Synthesis of destabilized nanostructured lithium hydride via hydrogenation of lithium electrochemically inserted into graphite

•Nano LiH/C composite is synthesized by hydrogenation of lithium intercalated graphite.•Lithium intercalated graphite is prepared by electrochemical insertion.•LiH nanoparticles (below 100 nm) are dispersed in a graphite matrix.•Nano LiH/C releases H2 from around 200 °C, much lower than that (900 °C) of pure LiH.

Lithium hydride-graphite composite is synthesized through hydrogenation of lithium intercalated graphite obtained by electrochemical insertion.

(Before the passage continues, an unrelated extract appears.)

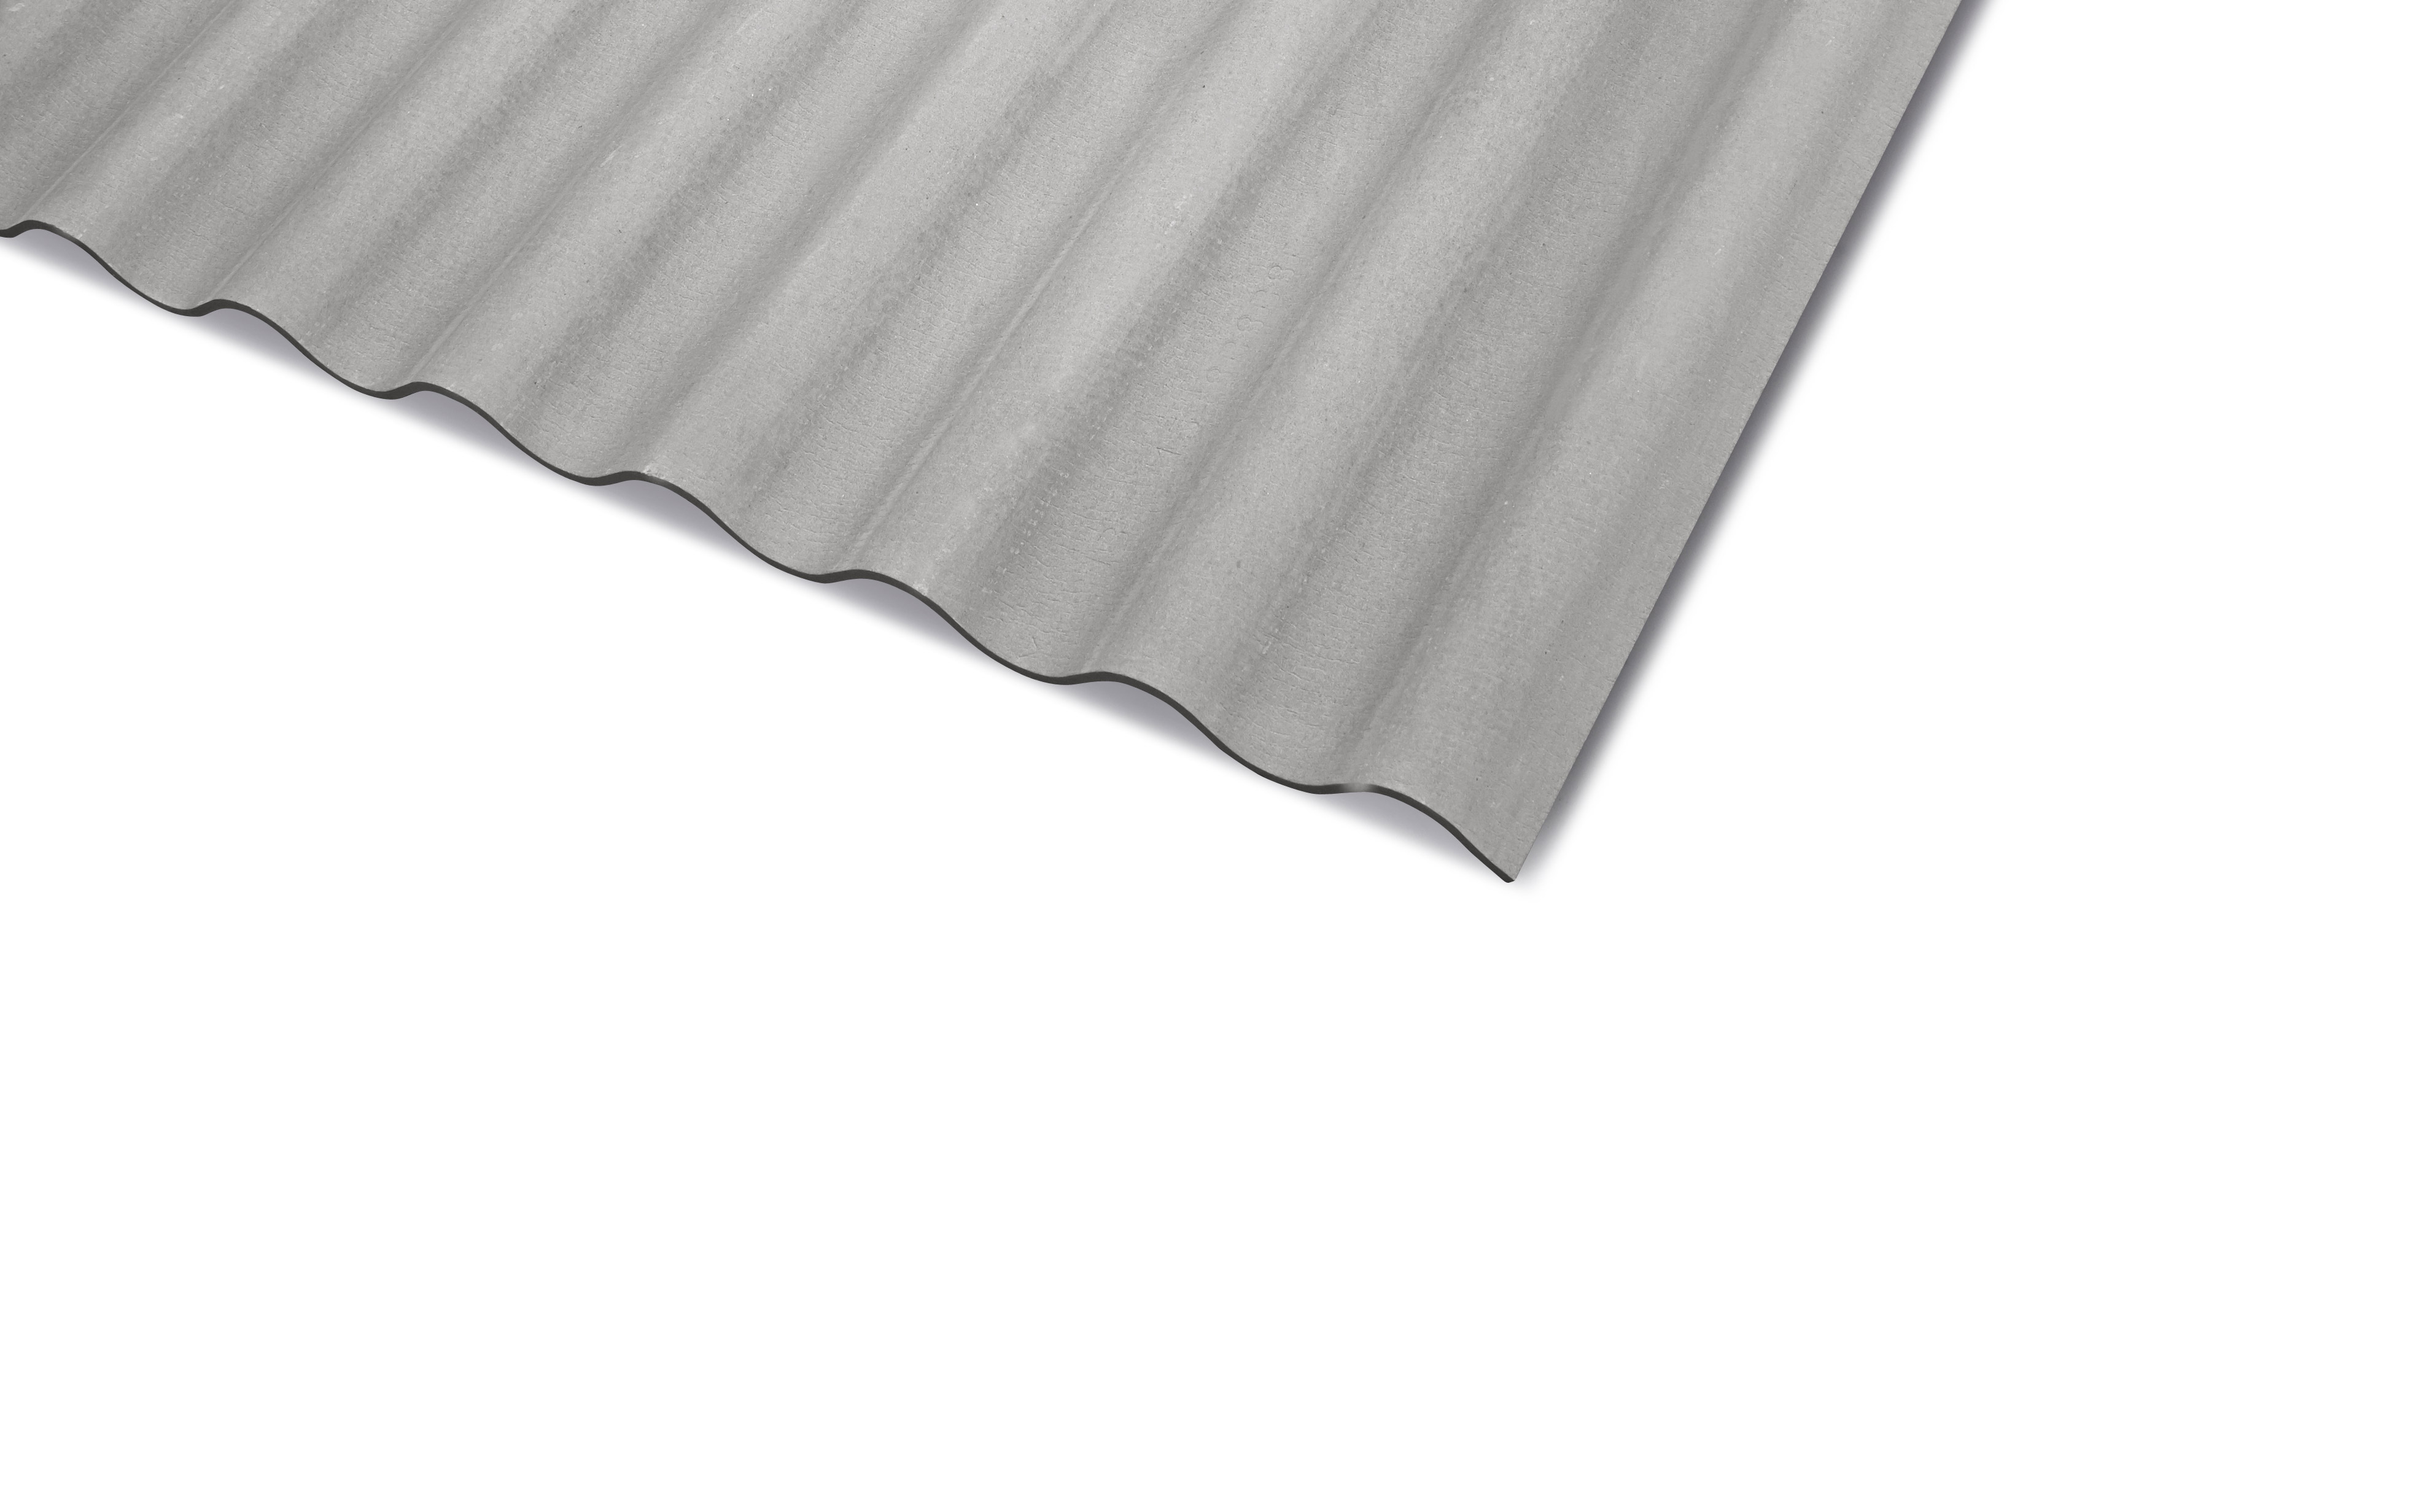 Cembrit B5 Fibre Cement Sheeting (P3 Profile Style) 910mm Cover Width

XRD analysis indicates that the initial graphite is transformed into a mixture of LiC6 and LiC12 by the intercalation of 0.84 lithium for six carbons. After 20 h of hydrogenation under 30 bars at 150 °C, these lithium-inserted compounds are completely transformed into a lithium hydride-graphite composite based on the reaction: Li0.84C6 + 0.42H2 → 0.84LiH + 6C. A weak shift and broadening of the (002) reflex of graphite is observed after the formation of LiH, which is attributed to a small increase of the graphite disorder. Thermal gravimetric analysis coupled with Mass Spectrometry (TG-MS) shows that the desorption of this synthesized nano-LiH starts from around 200 °C, which is much lower than the decomposition temperature (900 °C) of pure LiH. It reveals that this new electrochemical synthesis process of LiH-graphite composites enables an interesting destabilization of the Li–H ionic bond due to a good dispersion of highly divided LiH nanoparticles (below 100 nm) in a carbon matrix. The hydrogen storage capacity of this LiH-graphite composite can be increased by subsequent Li insertion/hydrogenation cycles.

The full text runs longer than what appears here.